A Season in Hell is a series of journal entries I wrote in 2022-23, chronicling the last few torturous months I spent working on my novel The Bright Sword—going from stuck to unstuck. If you want to take it from the top, start here.
January 4
One of the deep mysteries about novels, to me, is how much easier it is to read them than it is to write them. When you read a novel you see it with total clarity. It’s easy. You immediately know what’s working and what isn’t. You know when someone’s acting out of character. You see how everything fits together. It’s obvious. It’s right there on the page!
But the second you start writing a novel, a fog descends. Suddenly you’re flying blind, on instruments alone. I have never been as lost and confused in somebody else’s books as I get in my own. How does this relate to that? What would X say when Y happens? Is this bit totally unnecessary? You’re just groping around in the dark. Even while it’s still perfectly obvious to other people what you’re doing wrong. Frankly it’s embarrassing.
January 6
I have notes from my editor.
Actually the notes came several days ago, but because I am a tender baby frog I worried that reading them might derail my “creative process,” so I waited till I’d finished a bunch of revisions before I actually screwed my courage to the sticking point and looked at them.
I strongly admire people who handle feedback well. My wife and many of my friends do; I know this because I give them feedback all the time. But although I freely dish it out, I suck at at taking it. I often need actual meditation before I attain the necessary openness to the universe to accept it with joy. I know that those who give feedback are my allies, and I owe it to them to treat them as such and not as bitter, traitorous enemies. And mostly I do. But not without a struggle.
My creative anti-bodies want to reject the feedback like an incompatible organ transplant. It triggers in me a desire to counter-attack—it trips the hard-coded, irreversible launch sequence on some long-abandoned defensive missile emplacement in my soul. Stop it? But how?! The failsafe codes were lost years ago!
My three stock responses to any feedback are:
1) BUT I ALREADY DID THAT. SEE IT’S RIGHT THERE. SILLY RABBIT, YOU WEREN’T PAYING ATTENTION
2) SURE, OF COURSE, THAT’S WHAT I SHOULD DO. BUT IT’S IMPOSSIBLE FOR THESE NINE REASONS. I WOULD HAVE TO START OVER AND WRITE AN ENTIRELY DIFFERENT BOOK. IS THAT WHAT YOU WANT?
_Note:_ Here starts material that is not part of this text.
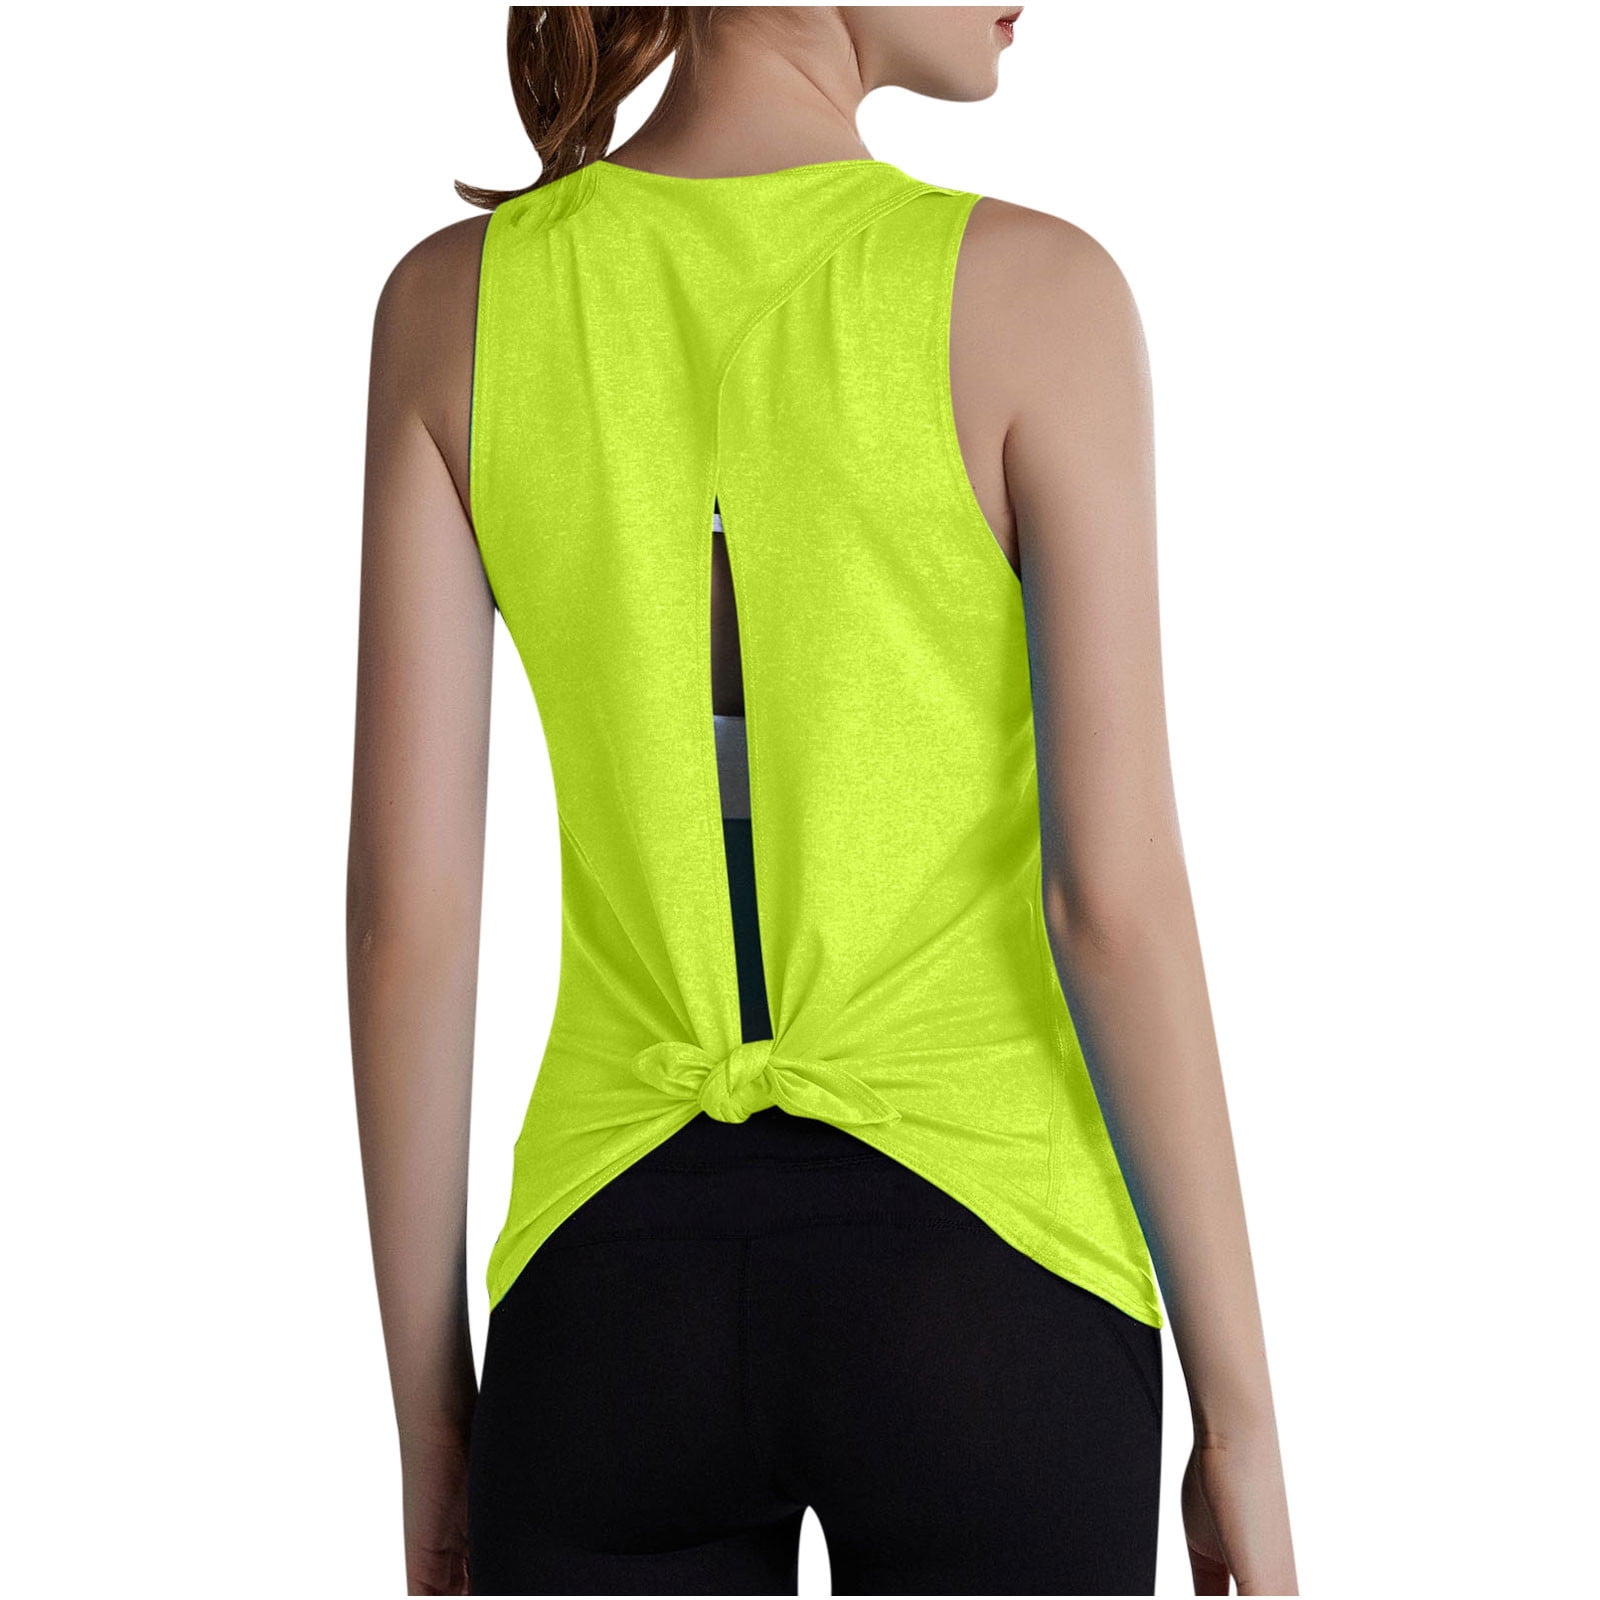 Workout Tank Tops for Women Loose Fit Yoga Tops for Women Running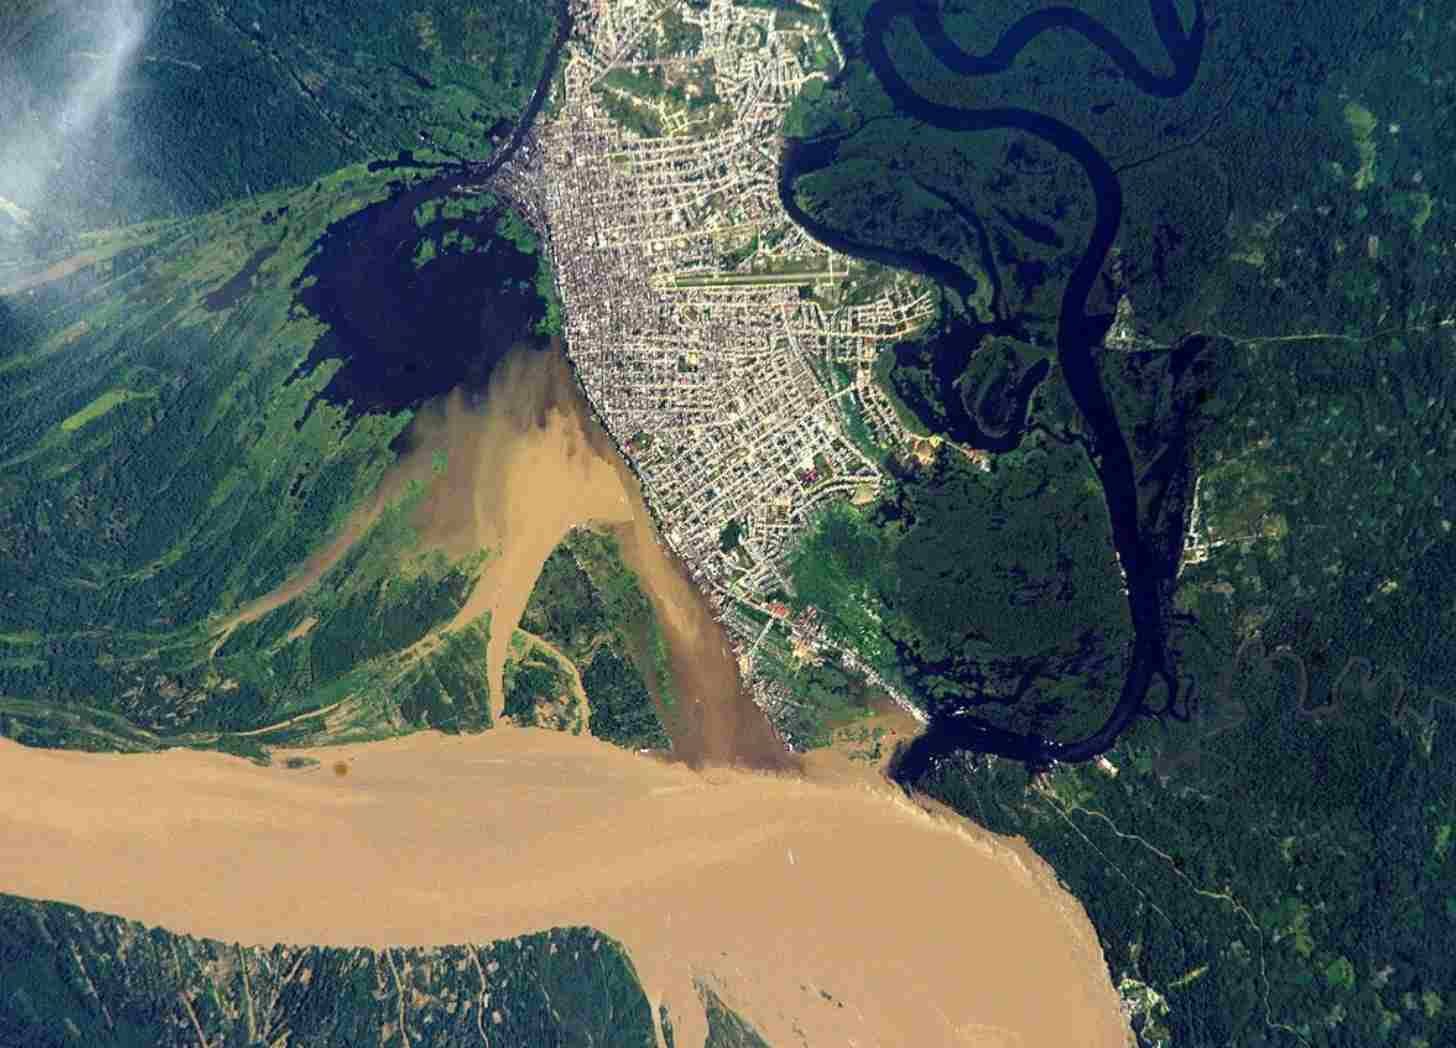 A satllite image of the grey streets of the city of Iquitos on the edge of waterways flowing into a huge brown river, surrounded by green forest.

3) (this one is silent, for interior monologue only) YEAH, WELL, YOU WOULD THINK THAT
Used separately or in combination these simple phrases will render you proof against any helpful suggestions of any kind.
When it’s safe and warm on my laptop, where only daddy can see, my book seems so strong and full of promise. But when exposed to the elements it suddenly becomes fragile and empty. No, don’t look at it! Even the slightest pressure from somebody’s eye-beams will cause it to collapse like a house of cards (yes, I know it’s a cliché, thank you) into a disappointingly flat pile on the coffee table.
The roots of all this are not a mystery. It’s about shame. I tried so hard, and took so long, and talked about it so much, and somehow I still I wrote a bad thing. And it’s so mortifying that I would rather die—or alienate everyone I know—than admit it.
This is a very funny entry in light of how brilliant the book turned out, daddy. (Wait, is it only okay for YOU to say daddy???)
Feedback can be excruciating for many people. It is for me, though by this point in life, I brace and 'detach' so I can try to take it in as neutrally as possible. Thanks for this great post.